String Matching Algorithm-BM algorithm

Source: Internet
Author: User

The BM algorithm is an improvement of the KMP algorithm, which is 3-bit faster than the KMP algorithm ~ 5 times


The BM algorithm mainly follows two principles: 1. Bad characters, 2. Good suffixes.


Assume that the main string S exists. The length is s_l, and the pattern string T is t_l.

1. Bad characters


If there is a character in the main string S and this character does not exist in the mode string T, the mode string shifts the t_l bit to the right. (Because, if such a character exists, you can find it during the first match, so you need to move the t_l distance to the right)


If there is a character in the main string S, but this character is not in the current position of the mode string T, you can move the mode string so that the rightmost character in the mode string T, alignment with main string S


Therefore:


T_l x! = T [j], 1 <= j <= t_l indicates that the character does not exist in the mode string.

Deltal (x) =

M-max (k/T [k] = x, 1 <= k <m), x in the rightmost position of the Mode



Code:

Void bminitocc () // judge the bad character function {int I; for (I = 0; I <t_length; I ++) occ [t [I] = I ;}



2. suffix


Sometimes bad characters may fail. Alignment the rightmost match of the pattern symbol to the corresponding character of the Main string, which may lead to a negative shift. However, it is feasible to move a position, but in this case, it is better to derive the maximum possible shift distance from the structure of the mode string, which is called suffix inspiration.


There are two scenarios for a good Suffix:

1,

A substring In The Middle Of T is equal to the compared part.

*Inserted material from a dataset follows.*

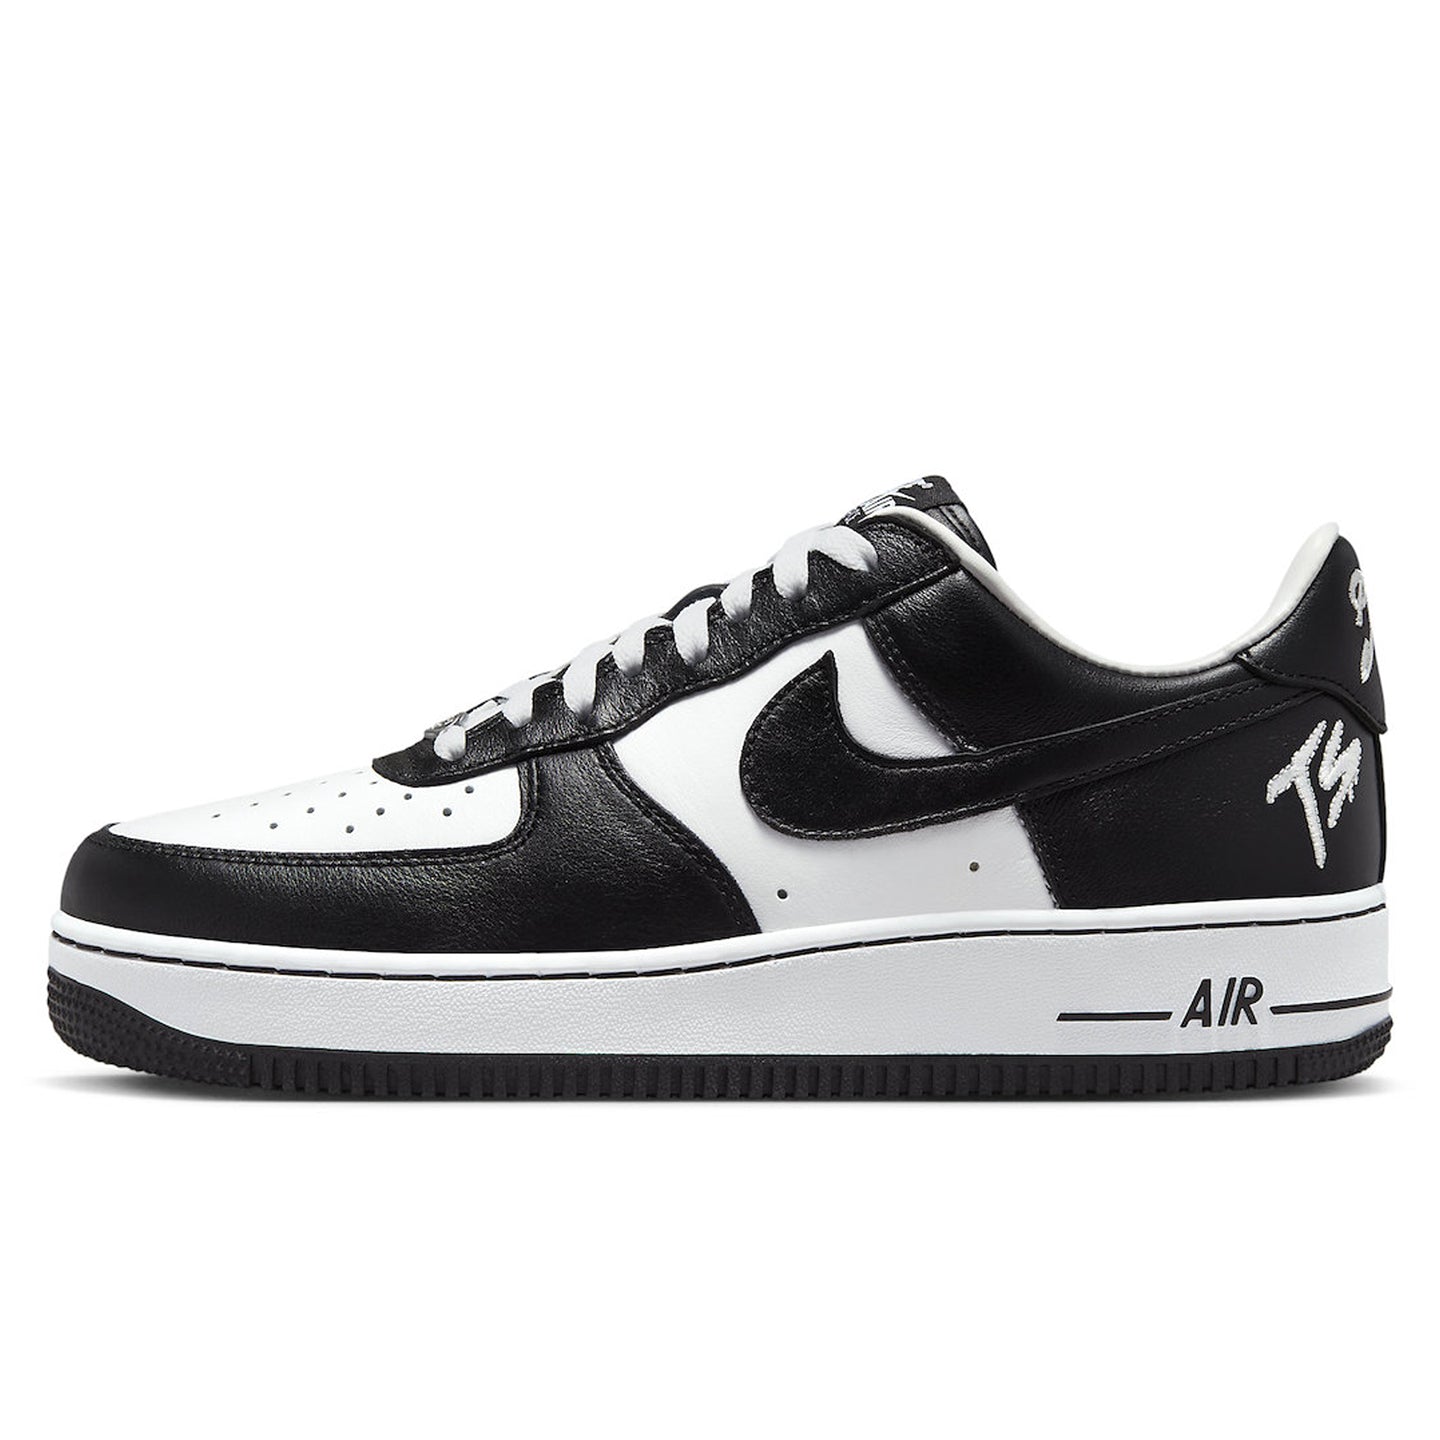 Nike Air Force 1 Low x Terror Squad 'Blackout'

<喎?http: www.bkjia.com kf ware vc " target="_blank" class="keylink"> VcD4KPHA + MqGiPC9wPgo8cD48aW1nIHNyYz0 = "" alt = "\">

T has the same suffix as T.


In the above two cases, we take the smallest shift distance for the distance to be moved, because we need to ensure that each of the existing possibilities is compared.


Question 1: Now, let's look at a problem. When a comparison is performed, the comparison part has the same prefix, and there is a completely identical part in the other position of T. At this time, we can find that the first case (that is, a substring In The Middle Of T is equal to the part already compared) the shift distance is shorter. Therefore, we can determine that if both cases exist, we only need to take the distance from the first case, because this is definitely shorter than the second case.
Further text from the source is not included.